0

Greeting,

I have created a Spark 2.1.1 cluster in Amazon EC2 with instance type m4.large of 1 master and 5 slaves to start. My PostgreSQL 9.5 database (t2.large) has a table of over 2 billions rows and 7 column that I would like to process. I have followed the direction from Apache Spark website and other various sources on how to connect and process these data.

My problem is that Spark SQL performance is way slower than my database. My sql statement (see below in the code) takes about 21mins in PSQL, but Spark SQL take about 42 min to finish. My main goal is to measure the performance of PSQL vs Spark SQL and so far I am not getting the desire results. I would appreciate the help.

Thank you

I have tried increasing fetchSize from 10000 to 100000, caching the dataframe, increase numpartition to 100, set spark.sql.shuffle to 2000, double my cluster size, and use larger instance type and so far I have not seen any improvements.

val spark = SparkSession.builder()
                        .appName("Spark SQL")
                        .getOrCreate();
val jdbcDF = spark.read.format("jdbc")
                  .option("url", DBI_URL)
                  .option("driver", "org.postgresql.Driver")
                  .option("dbtable", "ghcn_all")
                  .option("fetchsize", 10000)
                  .load()
                  .createOrReplaceTempView("ghcn_all");

val sqlStatement = "SELECT ghcn_date, element_value/10.0 
FROM ghcn_all 
WHERE station_id = 'USW00094846' 
      AND (ghcn_date >= '2015-01-01' AND ghcn_date <= '2015-12-31') 
      AND qflag IS NULL 
      AND element_type = 'PRCP' 
ORDER BY ghcn_date";

val sqlDF = spark.sql(sqlStatement);

var start:Long = System.nanoTime;
val num_rows:Long = sqlDF.count();
var end:Long = System.nanoTime;
println("Total Row                : " + num_rows);
println("Total Collect Time Lapse : " + ((end - start) / 1000000) + " ms");
howie
  • 2,587
  • 3
  • 27
  • 43
catalino
  • 29
  • 1
  • 4

2 Answers2

2

There is no good reason for this code to ever run faster on Spark, than database alone. First of all it is not even distributed, as you made the same mistake as many before you and don't partition the data.
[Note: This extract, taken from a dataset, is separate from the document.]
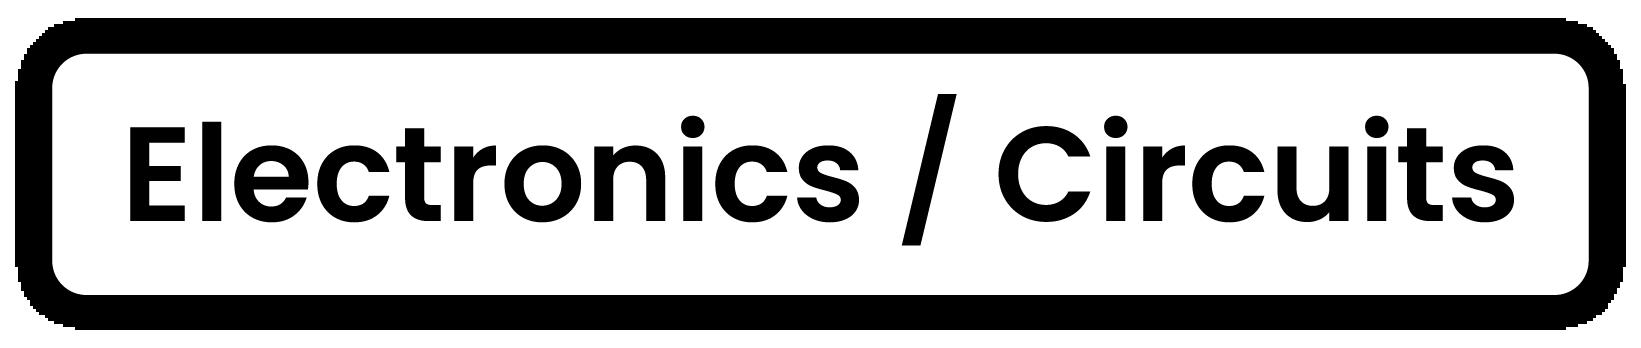 Development process label: Electronic/Circuits
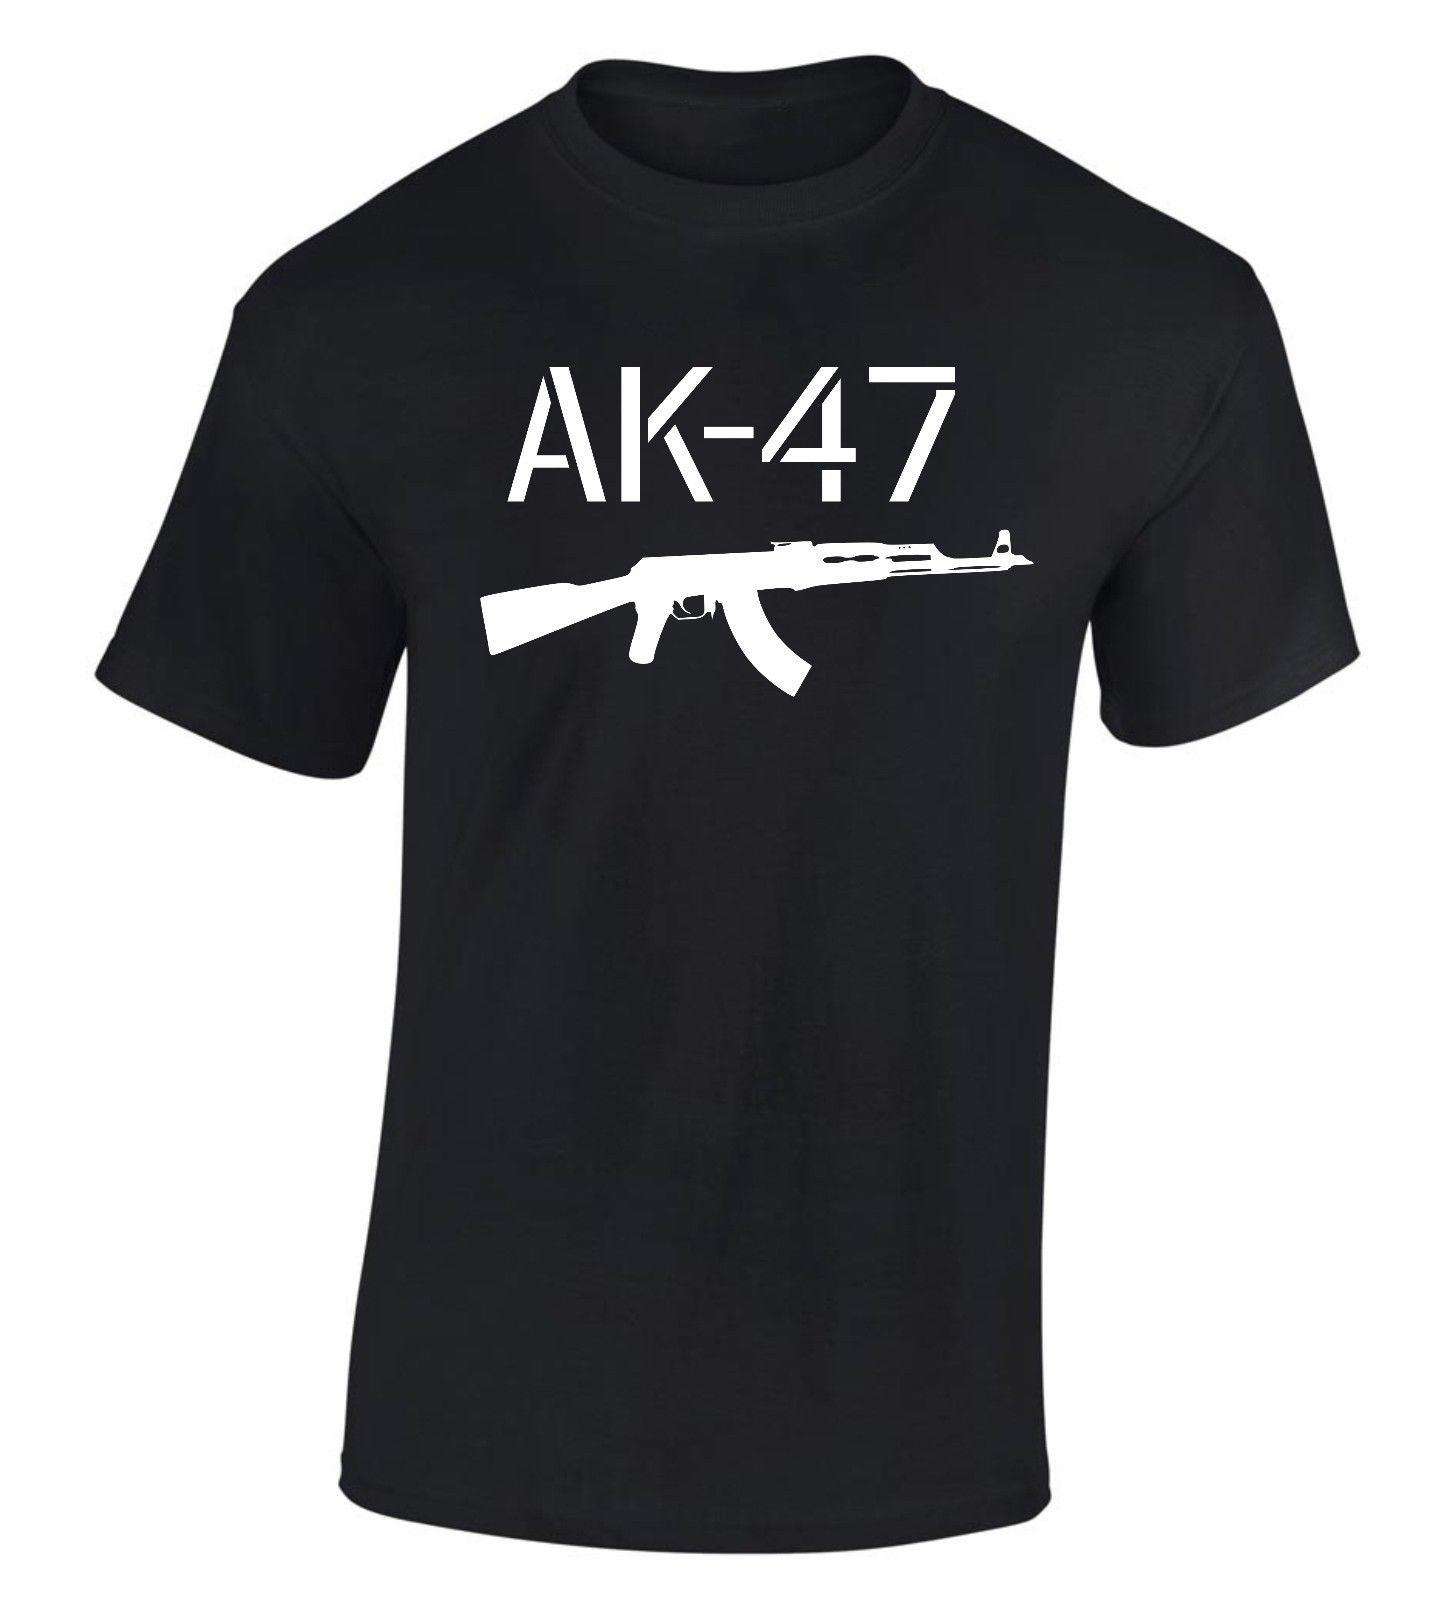 Großhandel Ak 47 Kalashnikov Ak47 T Shirt Russia S Xxxl Kostenloser

But it more important is that you actually load data from the database - as a result it has to do at least as much work (and in practice more), then send data over the network, then data has to parsed by Spark, and processed. You basically do way more work and expect things to be faster - that's not going to happen.

If you want to reliably improve performance on Spark you should at least:

  • Extract data from the database.
  • Write to efficient (like not S3) distributed storage.
  • Use proper bucketing and partitioning to enable partition pruning and predicate pushdown.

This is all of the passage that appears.